Lupakanlah aku, aku tak ingin melukaimu lebih dari ini karena kamu adalah cinta
pertamaku. Lupakanlah aku, berjalanlah maju tanpa menoleh ke belakang.
Lupakanlah lelaki brengsek ini.” Lanjut Switch yang hanya dibalas dengan
tatapan tidak percaya.
Air mata Yuki perlahan mengalir dari sudut matanya. Ia menarik
tangannya dari genggaman Switch. Tamparan ia layangkan di pipi Switch yang
agaknya mulai mengeras karena hawa dingin yang tiada duanya.
***
“‘Sayonara, watashi no
hatsukoi.’ Begitulah kataku setelah menamparnya sangat keras.” Ucap Yuki
kemudian menyeduh mocaccino hangat kesukaannya.
“Bhahahahahahha!” curhatan Yuki justru dibalas dengan tawa yang
terbahak-bahak.
“Oii! Kurang ajar! Malah tertawa! Jahat sekali! Dasar Inoo-chan!”
ucap Yuki sebal.
“Habisnya, kayak dorama banget sih! Dorama mitai!” ejek pemuda
bernama Kei Inoo.
“Sial! Aku nggak akan curhat lagi sama kamu!”

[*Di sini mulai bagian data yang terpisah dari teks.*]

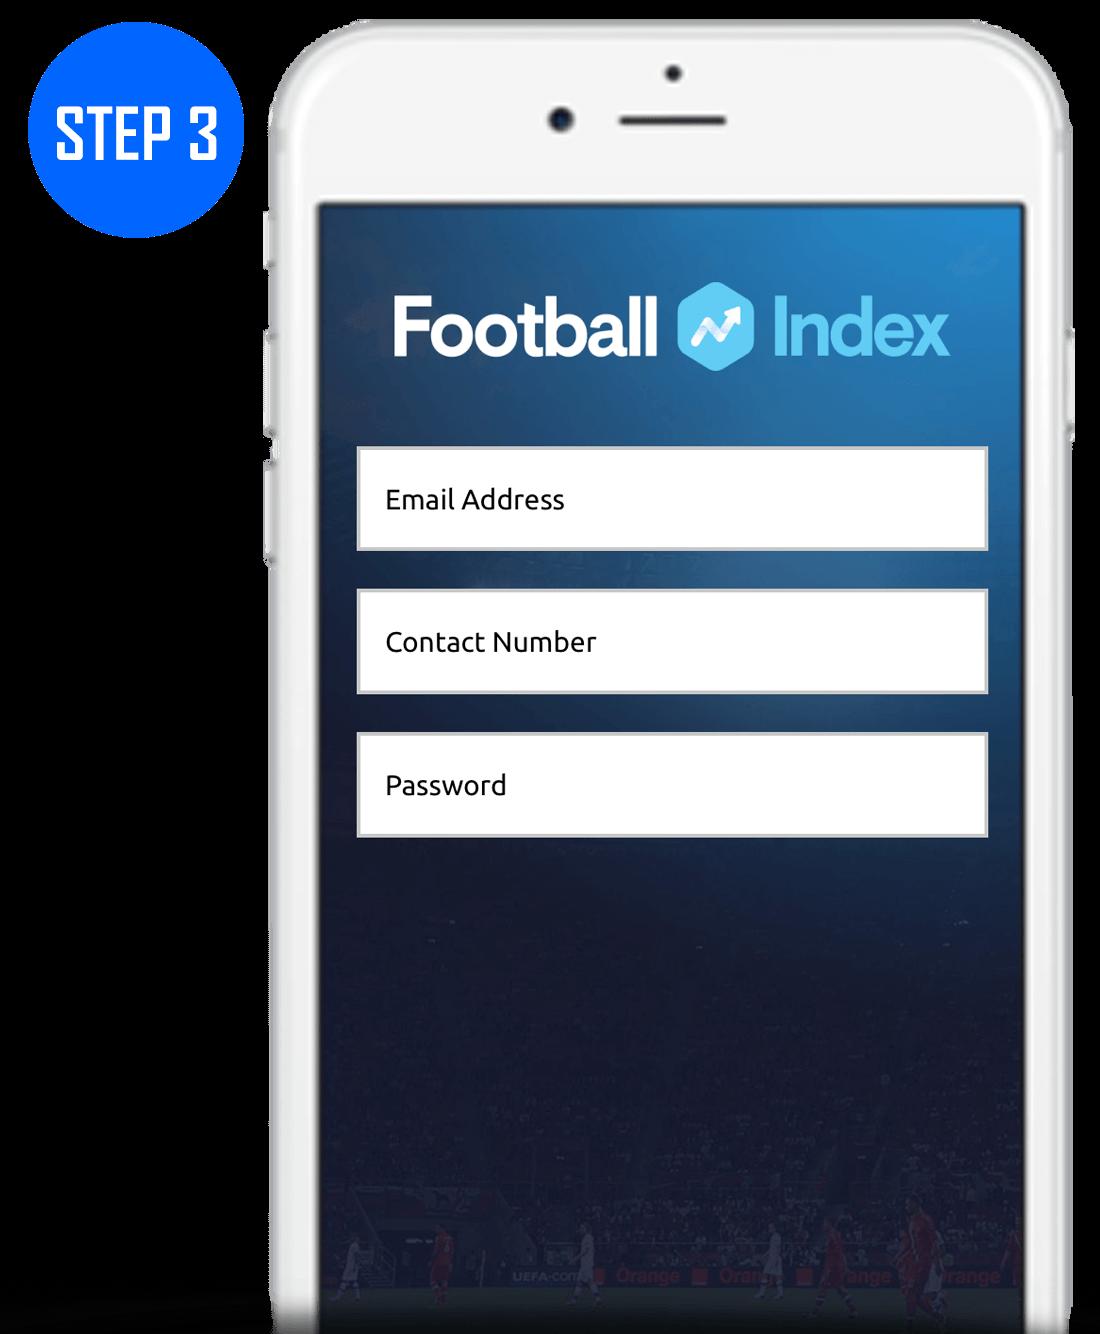 Football Index Sign Up Process Step 3

“Halah, gitu aja ngambek. Kamu aja yang disakiti sama si kacamata
itu malah nggak pernah marah, kan? Kamu itu sudah dibodohi, Yuki-chan!” ujar
Inoo seirus.
“Sebodoh-bodohnya wanita yang dikhianati, masih lebih bodoh orang
yang menertawai temannya ketika patah hati!”
“Kamu sih, berpikiran sempit! Padahal ada lelaki lain yang bahkan
tidak terima kalau kamu menitihkan satu air mata sekalipun!” ucap Inoo sambil
menepuk dadanya bak pahlawan gagah berani.
“Cih! Aku mau pesan makanan lagi nih. Kamu mau pesan lagi nggak?”
balas Yuki mengalihkan pembicaraan.
“Hmmm..” gumam Inoo sembari membolak-balikkan buku menu di
hadapannya. Sedeitk kemudian ia menutup buku menu tersebut sambil tersenyum.
“Aku mau pesan ini saja deh.” Ujar Inoo dengan nada yang ceria.
“Pesan apa?”
“Aku mau pesan cinta aja dari kamu.” Ujarnya dengan memamerkan
senyuman yang membuat hati siapa saja meleleh jika melihatnya.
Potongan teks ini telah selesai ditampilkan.